Ultimately, these cases provide evidence of an inequality that is supported and encouraged by Democrat legislators at home. The traditional female wrestlers who competed for the state championship will continually miss out on scholarship opportunities if a transgender female, someone born male, is allowed to compete in their sport. Hubbard may not have received a medal, but she opened the floodgates for what will happened next time. How much suspicion and resentment will hover around that eventual transgender gold medal winner? Will female athletes in the Olympics feel comfortable speaking out, at the risk of facing the cancel culture mob? This is not equality nor the basis of feminism.

Our program and others saw a need to provide a space to allow young ladies to participate in a competitive sport. The intention is to give them a chance at obtaining success and colligate opportunities that were not available to them before because of the biological differences between the two genders. By blurring the definition through nonscientific theories we are doing great harm and a disservice to women.
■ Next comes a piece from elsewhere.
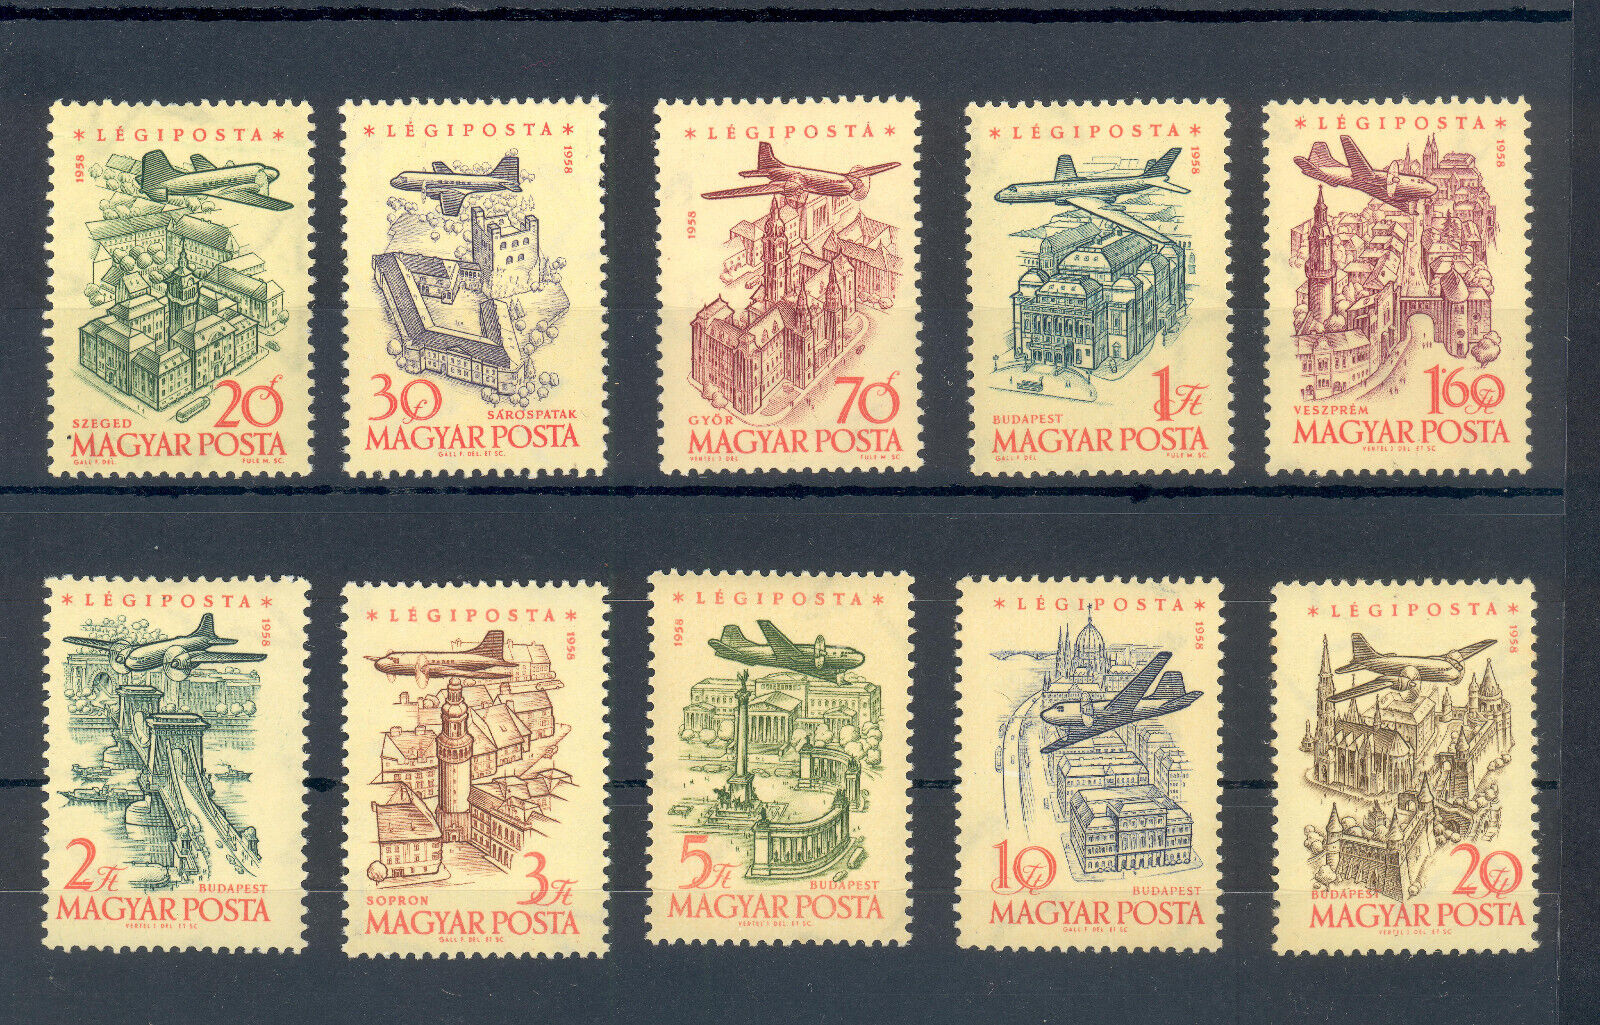 Ungaria 1958 - Posta Aeriana, vederi, serie neuzata

Transgender individuals are a part of our society. They are members of our communities, neighborhoods, and families. It is not my prerogative to dismiss nor alienate them from sporting competitions. However, we must find a solution that does not allow sex-specific biological features to give an advantage while competing. Likewise, administering steroid therapy during competition cannot be tolerated – regardless of a personal decision to transition. Why? Because it also creates a disadvantage to other athletes. 
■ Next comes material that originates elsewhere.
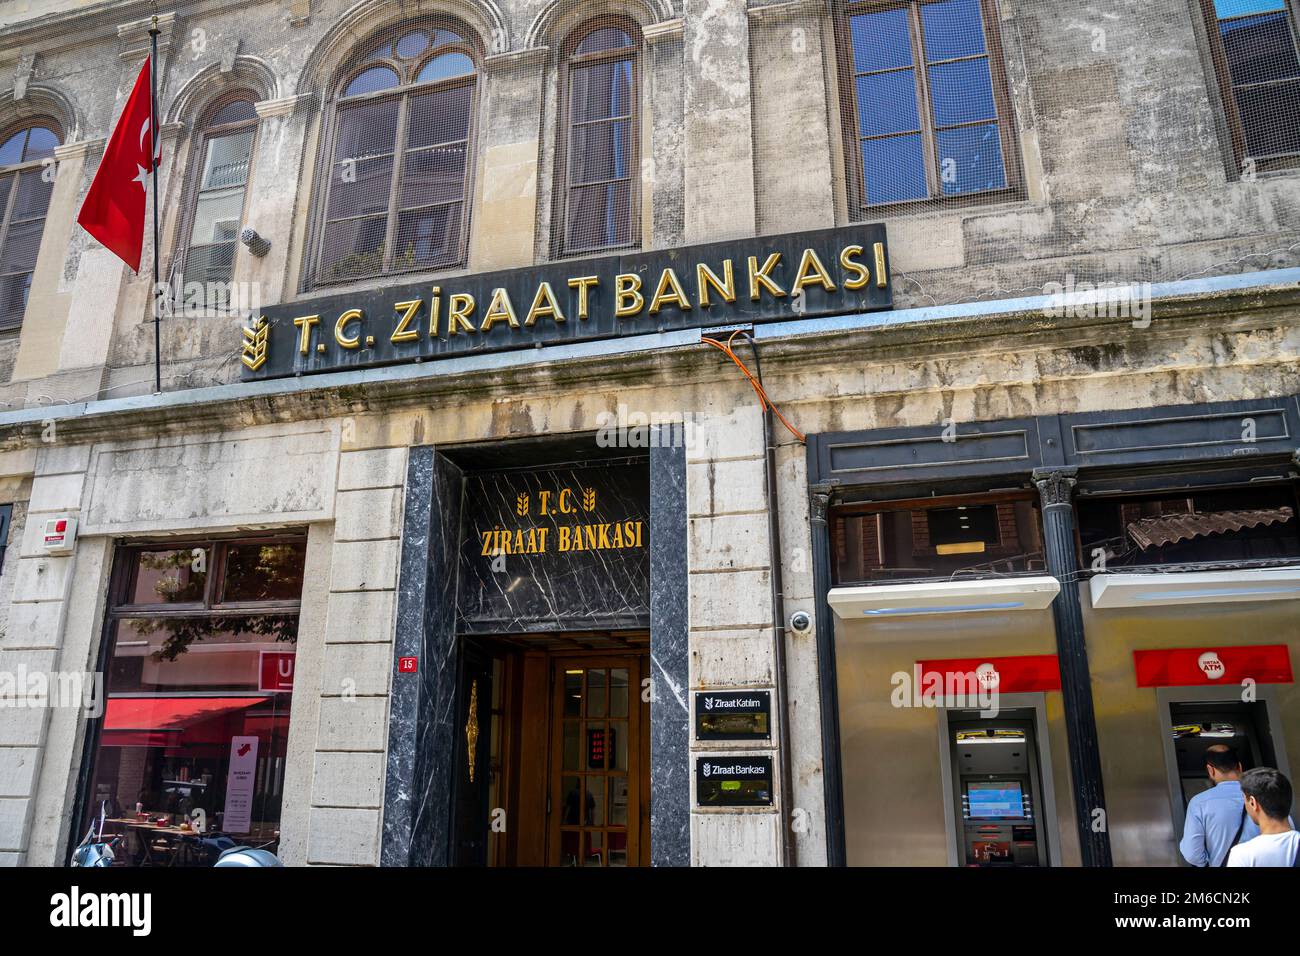 Banche storiche in Turchia. Ziraat Bankası Bahçekapı/ - stambul Şubesi Foto Stock

Our nation has an innate ability to recognize our mistakes and provide a solution to remedy our past. We have seen this time and time again. Forcing women to compete against natural born males in a contest that requires physical strength as a leading attribute is wrong. By doing so we have abandoned the idea of equality to embrace the illogical notion of equity. Women do not win in this scenario, and therefore, the push to allow transgender athletes to compete in all-girls sports is discriminatory. At no point does this idea support an equal opportunity built on the bedrock of fairness.

Our responsibility is to acknowledge illegitimate social justice claims and call out those who attempt to triumph these false causes. If you stand for true equality and feminism, then it is critical to oppose Democrat politicians and lawmakers who pretend to be in the LGBT corner while doing real damage to everyone else.

On his first day in office, President Biden signed an executive order which forces schools to embrace transgender women to compete on girls’ sports teams. If they refuse, those academic institutions could lose federal funding. In February, the Democrat-led House of Representatives passed H.R.5, the so-called Equality Act, that would cement these threats into law. 

The bill claims to prohibit discrimination based on sex, sexual orientation, and gender identity. What happens when the bill designed to protect against discrimination creates more? 

Nick Meade is the president of Log Cabin Republicans of Coachella Valley and was named the first openly gay high school wrestling coach to win the California Interscholastic Championship (CIF) team title in the history of California.